### Supplied records

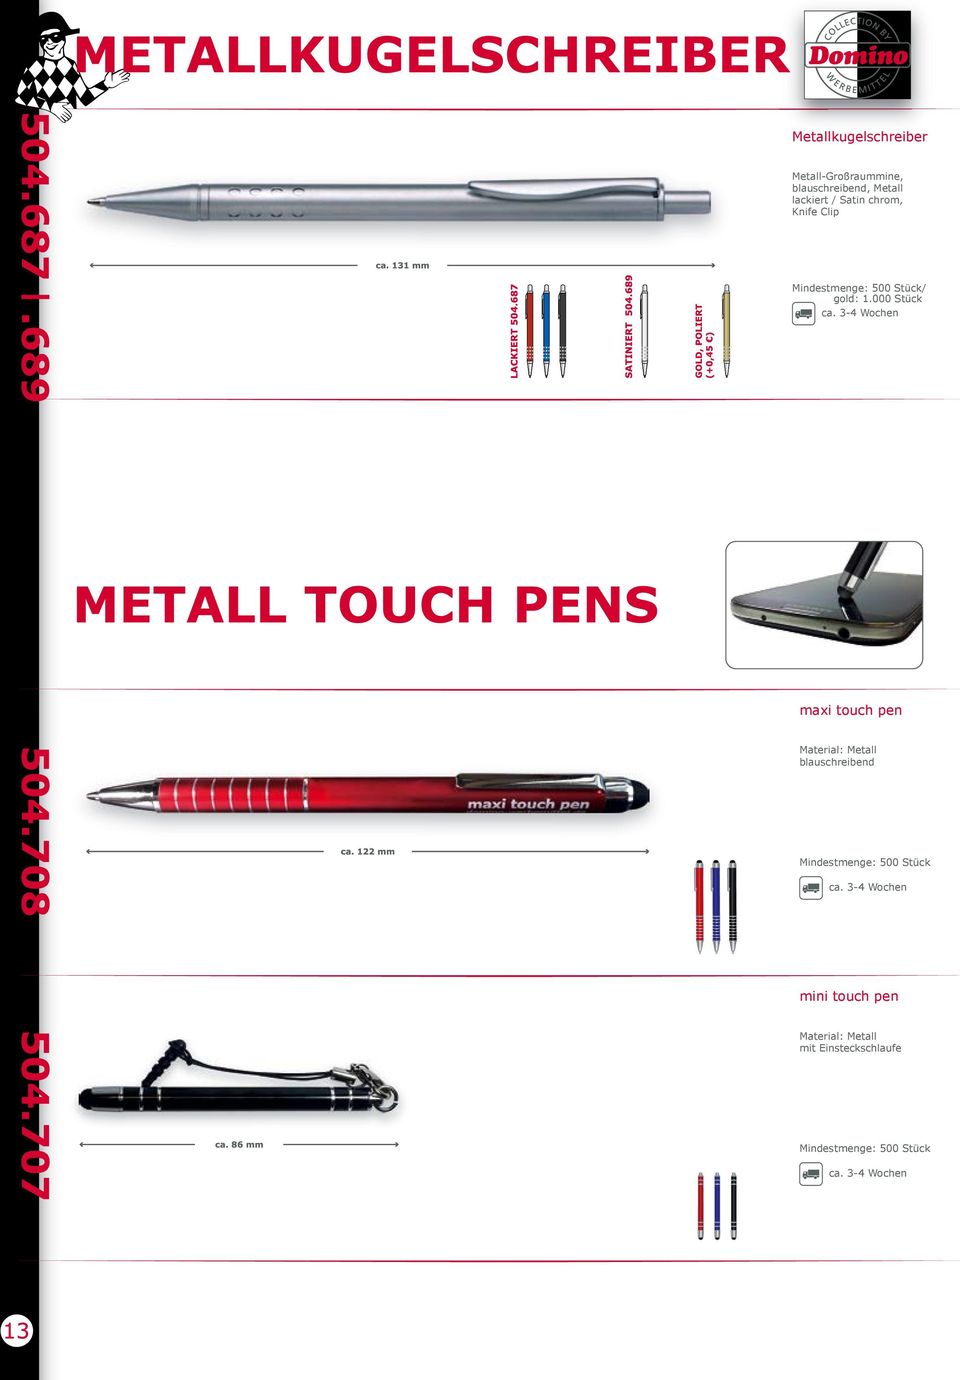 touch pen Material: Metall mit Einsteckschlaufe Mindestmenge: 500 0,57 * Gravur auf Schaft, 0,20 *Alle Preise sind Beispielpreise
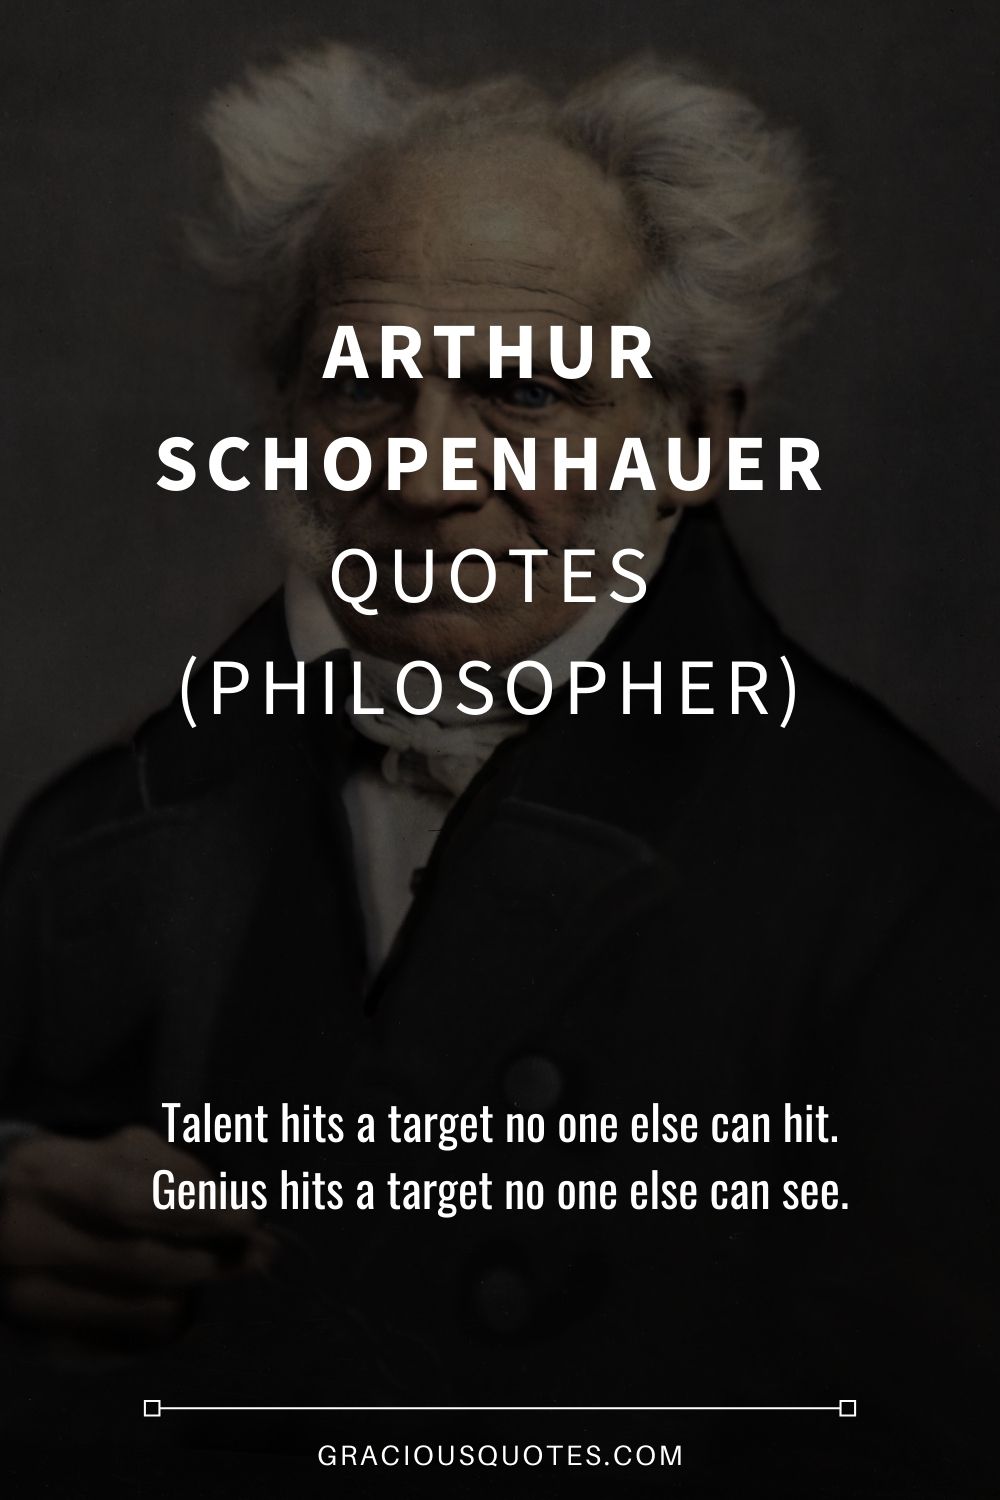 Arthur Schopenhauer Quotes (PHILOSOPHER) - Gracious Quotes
---
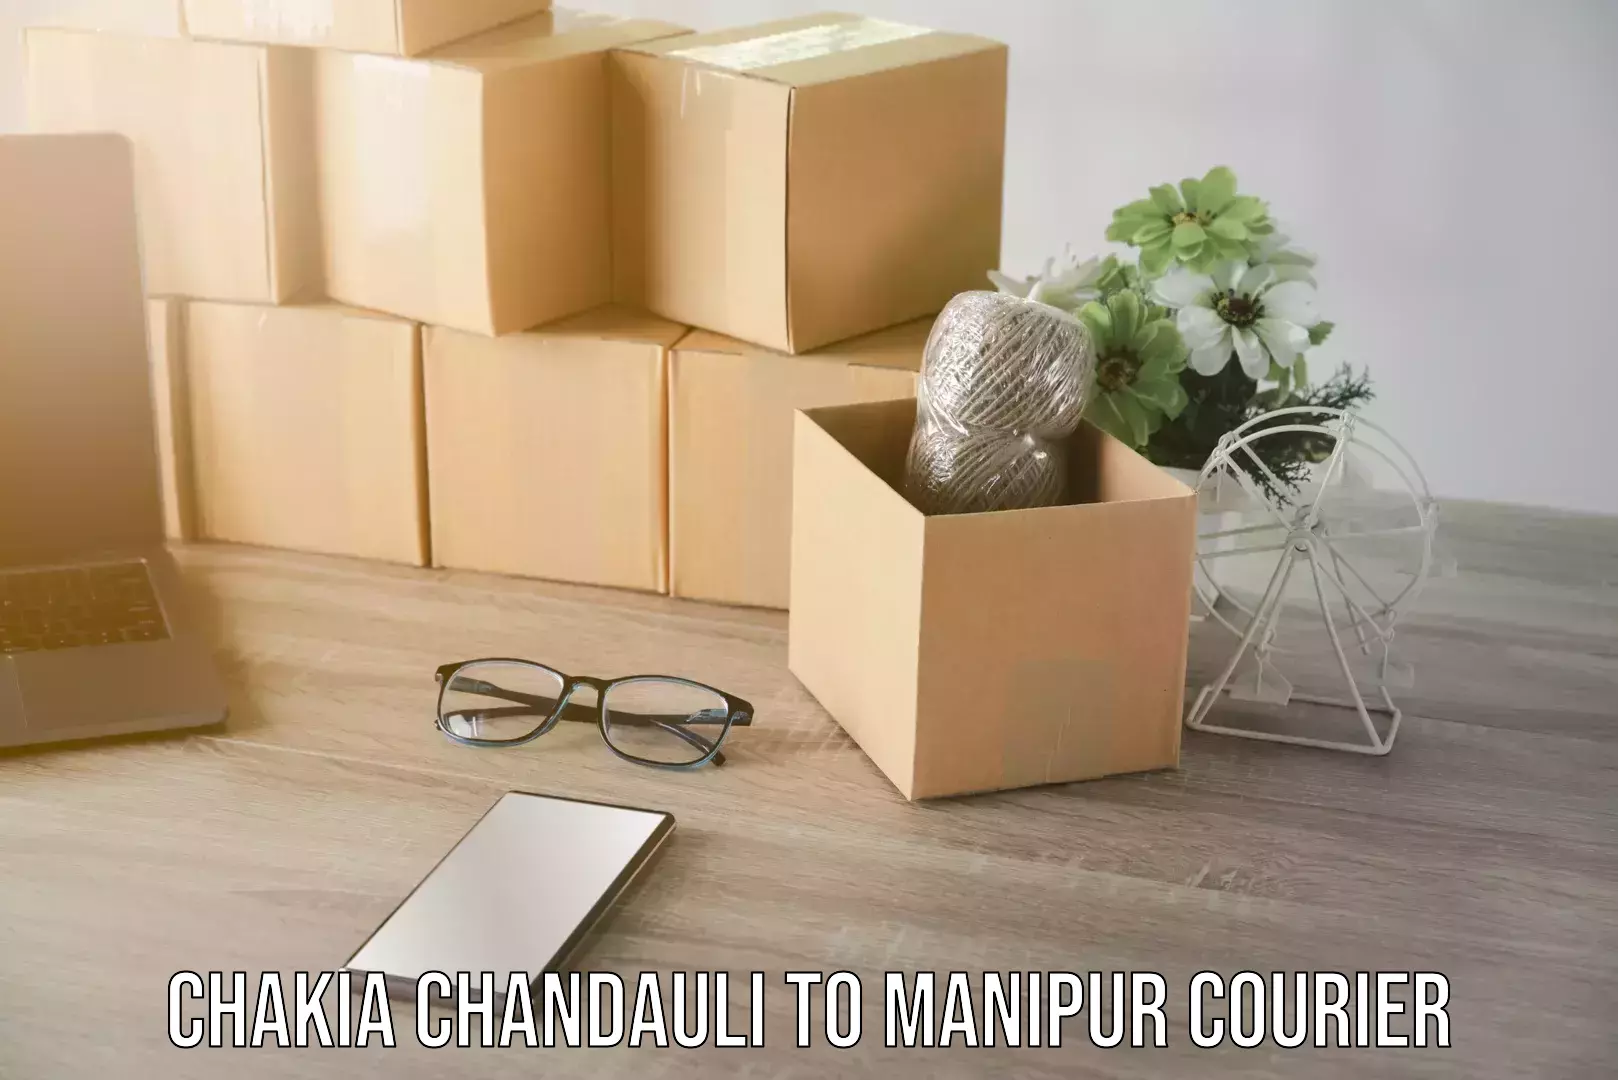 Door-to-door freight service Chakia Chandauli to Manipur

### Task brief
Quote the data above exactly from the line with "touch pen Material: Metall" to the line with "Arthur Schopenhauer Quotes", both ends counted, and nothing else. Pictures don't go in.

### Output for this task
 touch pen Material: Metall mit Einsteckschlaufe Mindestmenge: 500 0,57 * Gravur auf Schaft, 0,20 *Alle Preise sind Beispielpreise
 Arthur Schopenhauer Quotes (PHILOSOPHER) - Gracious Quotes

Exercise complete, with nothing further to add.